Mini BERT — Encoder-Only Hidden States

Why this matters

BERT (Devlin et al., 2018) flipped the script: instead of predicting the next token (GPT) it predicts MASKED tokens, using bidirectional attention. That’s only possible with an encoder-only Transformer — no causal mask. Each token attends to every other token in both directions.

BERT became the workhorse for sentence embedding, classification, NER, QA — anywhere you want a representation of a sequence rather than to generate a continuation.

Architecture

ids (T,)
→ Embed(V, D)        → tok (T, D)
→ + pos_embed        → x   (T, D)
→ encoder block × N  → x   (T, D)        # bidir self-attn + FFN
→ x (final hidden states)

Compared to GPT (pos 42):

NO causal mask — bidirectional attention. Every position sees every other position.
NO output head — return the hidden states directly. Real BERT has task-specific heads (Dense(2) for binary classification, Dense(V) for masked-LM, etc.) added on TOP of the encoder; the encoder itself outputs (T, D).

The original BERT also has a token-type / segment embedding for sentence-pair tasks. We omit it here for clarity — the core architecture is the encoder stack.

Why bidirectional

Causal attention forces position t to only see ≤ t.

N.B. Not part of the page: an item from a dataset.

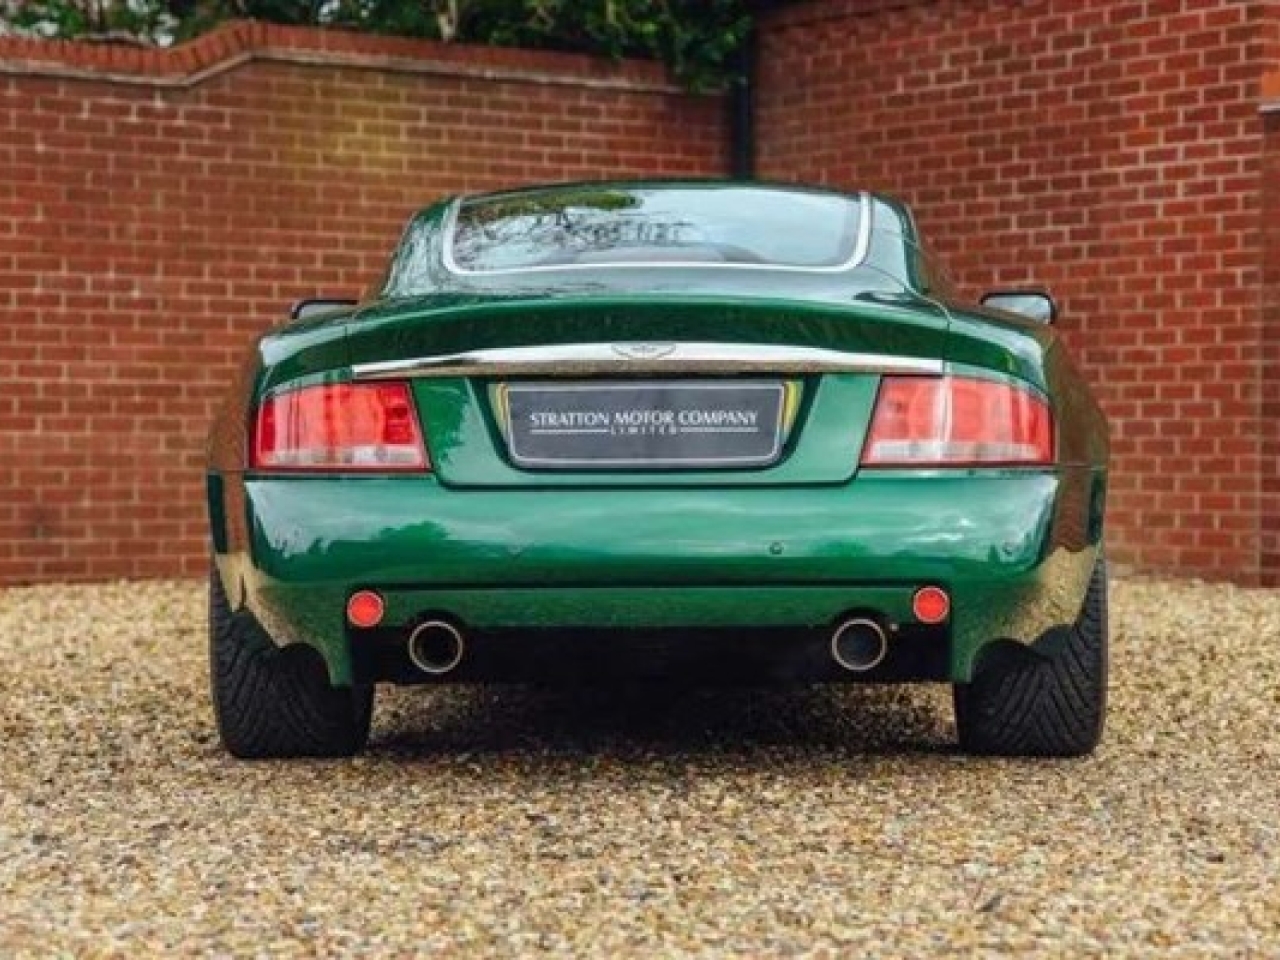 2001 Aston Martin Vanquish V12 (2+2 seating)
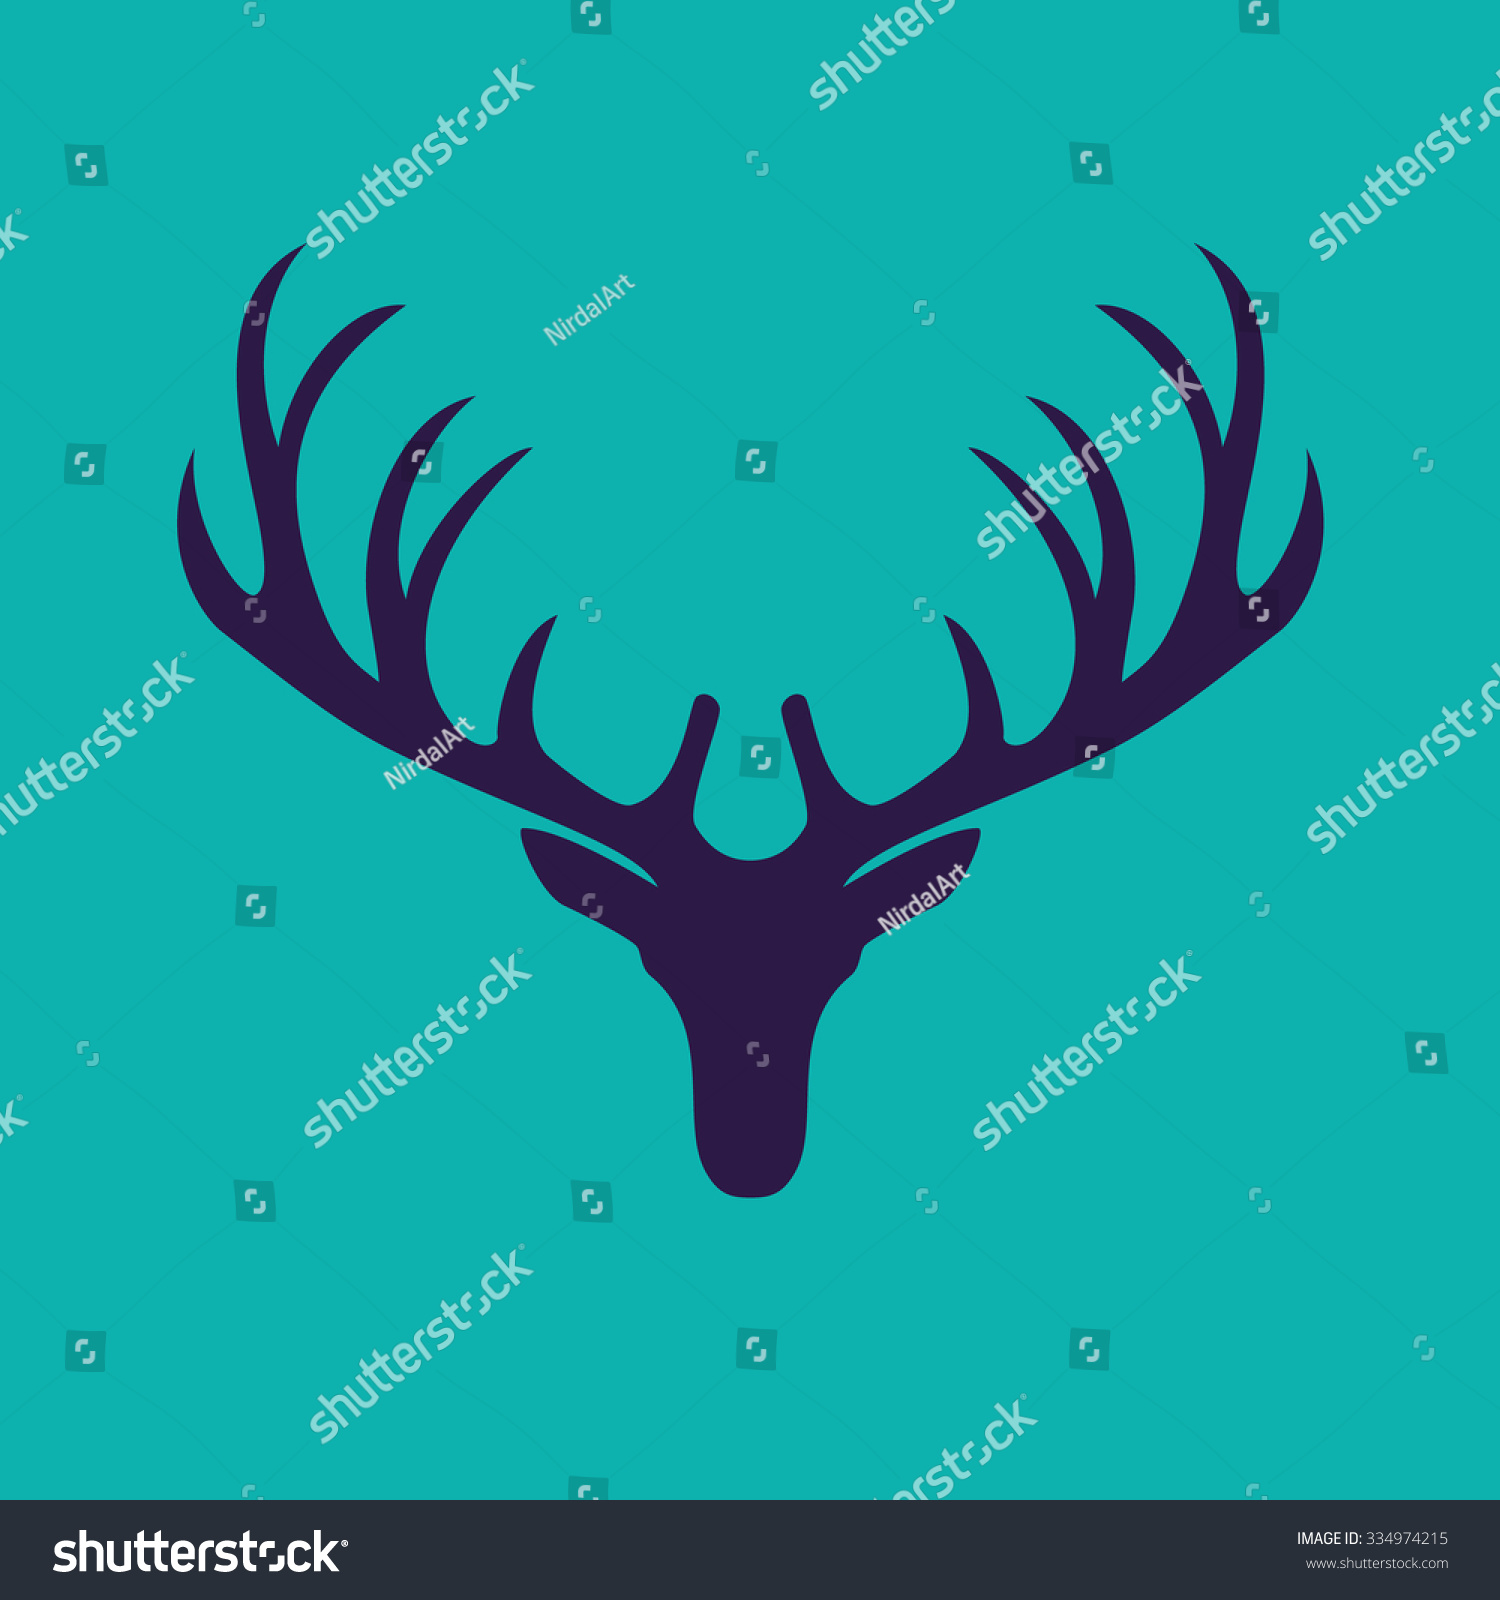 Illustration Deer Head Silhouette Stock Vector Royalty Free 334974215 8601

That’s correct for left-to-right generation. But for understanding tasks (“what is this sentence about?”), every position should see EVERY other position — past and future. Drop the mask, train on a masked- LM objective, get a model whose representations encode bi-directional context.

Worked walk-through

With V=16, D=8, H=2, d_ff=16, L=2, T=4:

tok = embed(ids) → (4, 8).
pos = pos_embed[:T] → (4, 8). x = tok + pos.
Block 1: x = x + MHA(LN(x)) (no mask); x = x + FFN(LN(x)).
Block 2: same.
Return x → (4, 8). Flatten to (32,).

Common pitfalls

Adding a causal mask by accident: defeats the whole point. Just call MHA(h) — Flax’s default is no mask = bi-directional.
Adding a final output projection: BERT-base outputs hidden states. The classifier head is a separate downstream module; for this problem we return the encoder output.
Skipping the position embedding: same caveat as GPT — without it, tokens at different positions are indistinguishable.
Using ReLU vs GeLU: original BERT uses GeLU, but for simplicity we use ReLU here. Architecturally equivalent.

Problem

Implement mini_bert_forward(seed, token_ids, vocab_size, d_model, num_heads, d_ff, num_layers):

Cast configs to int. Cast token_ids to jnp.int32.
Build MiniBERT:
- embed = nn.Embed(V, D). tok = embed(ids).
- pos = self.param("pos_embed", normal(0.02), (T, D)).
- x = tok + pos.
- Loop N encoder blocks (bidirectional self-attn + FFN, Pre-LN).
- Return x.
Init/apply, return x.reshape(-1).

Reuse the EncoderBlock recipe from pos 39 (no mask).

Inputs:

seed: int.
token_ids: 1-D float (cast inside).
vocab_size, d_model, num_heads, d_ff, num_layers: ints.

Output: 1-D, length T * D — the flattened hidden states.